A relativistic proton has a momentum of 1.0×10^-17 kg ∙ m/s and a rest energy of 0.15 nJ. What is the kinetic energy of
this proton? (c = 3.00 × 108 m/s, mass of proton = 1.67 × 10-27 kg)
To find the kinetic energy of a relativistic proton, we need to use the equation for relativistic kinetic energy:
K = (γ - 1) * mc^2
where K is the kinetic energy, γ is the Lorentz factor, m is the rest mass, and c is the speed of light.

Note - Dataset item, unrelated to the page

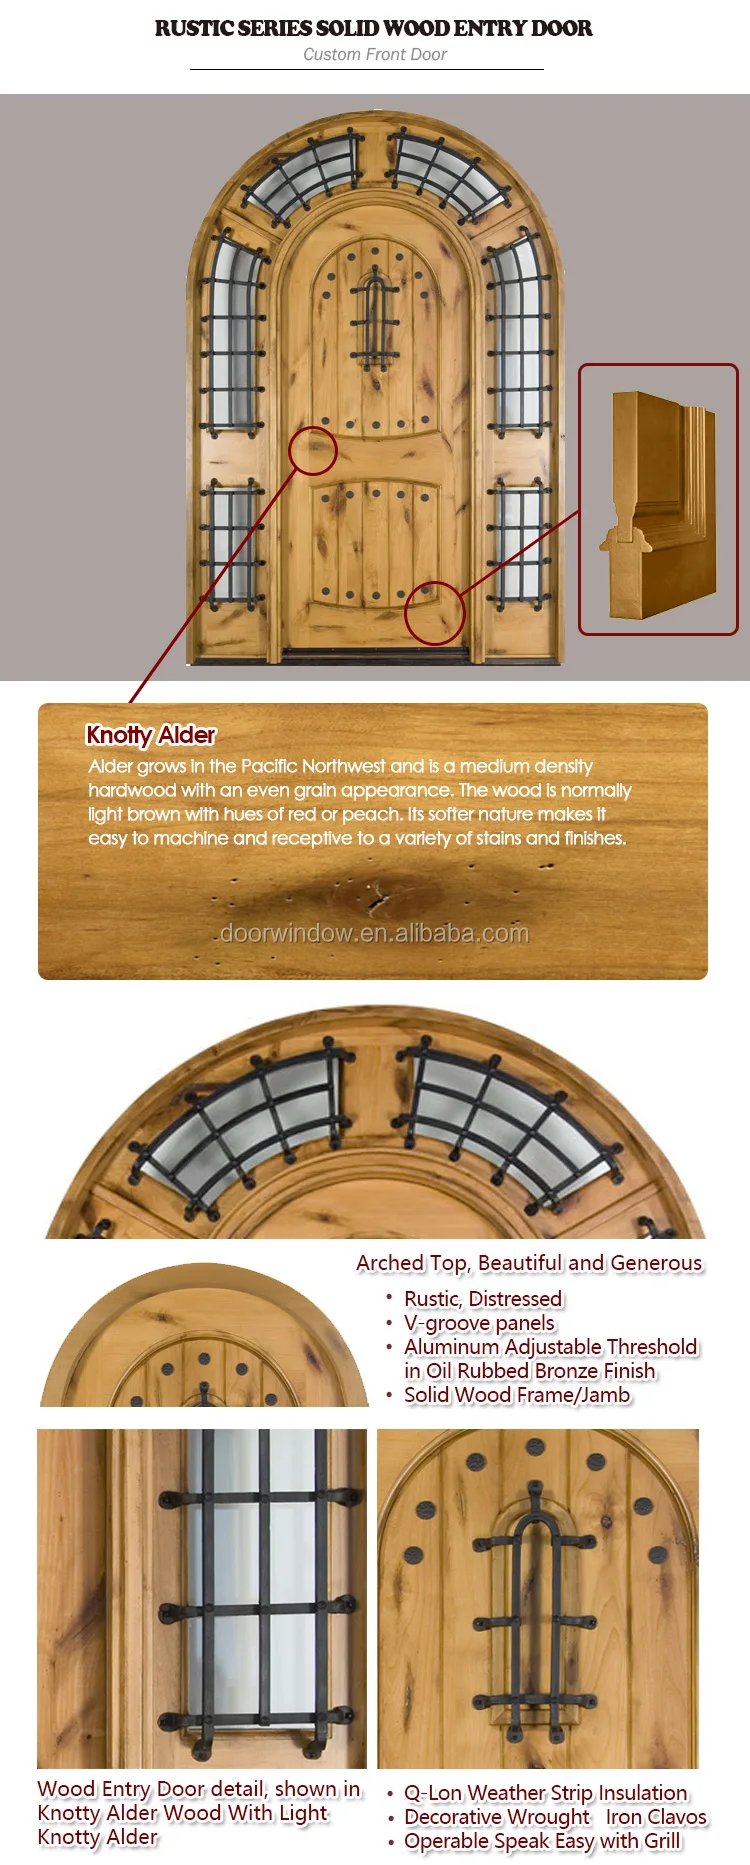 Special shape side lites wooden door for entry

First, let's calculate the Lorentz factor γ:
γ = 1 / sqrt(1 - (v^2 / c^2))
where v is the velocity of the proton.
Given:
Momentum (p) = 1.0 × 10^-17 kg ∙ m/s
Rest energy (E_0) = 0.15 nJ = 0.15 × 10^-9 J
Mass of the proton (m) = 1.67 × 10^-27 kg
Speed of light (c) = 3.00 × 10^8 m/s
We can find the velocity (v) of the proton using the momentum formula:
p = mv
Solving for v, we get:
v = p / m
Substituting the given values:
v = (1.0 × 10^-17 kg ∙ m/s) / (1.67 × 10^-27 kg)
Calculating v, we get:
v ≈ 5.988 × 10^9 m/s
Now, we can calculate the Lorentz factor γ:
γ = 1 / sqrt(1 - (v^2 / c^2))
Substituting the values:
γ = 1 / sqrt(1 - ((5.988 × 10^9 m/s)^2 / (3.00 × 10^8 m/s)^2))
Calculating γ, we get:
γ ≈ 109.485
Finally, we can calculate the kinetic energy (K):
K = (γ - 1) * mc^2
Substituting the values:
K = (109.485 - 1) * (1.67 × 10^-27 kg) * (3.00 × 10^8 m/s)^2
Calculating K, we get:
K ≈ 4.77 × 10^-11 J
Therefore, the kinetic energy of the proton is approximately 4.77 × 10^-11 Joules.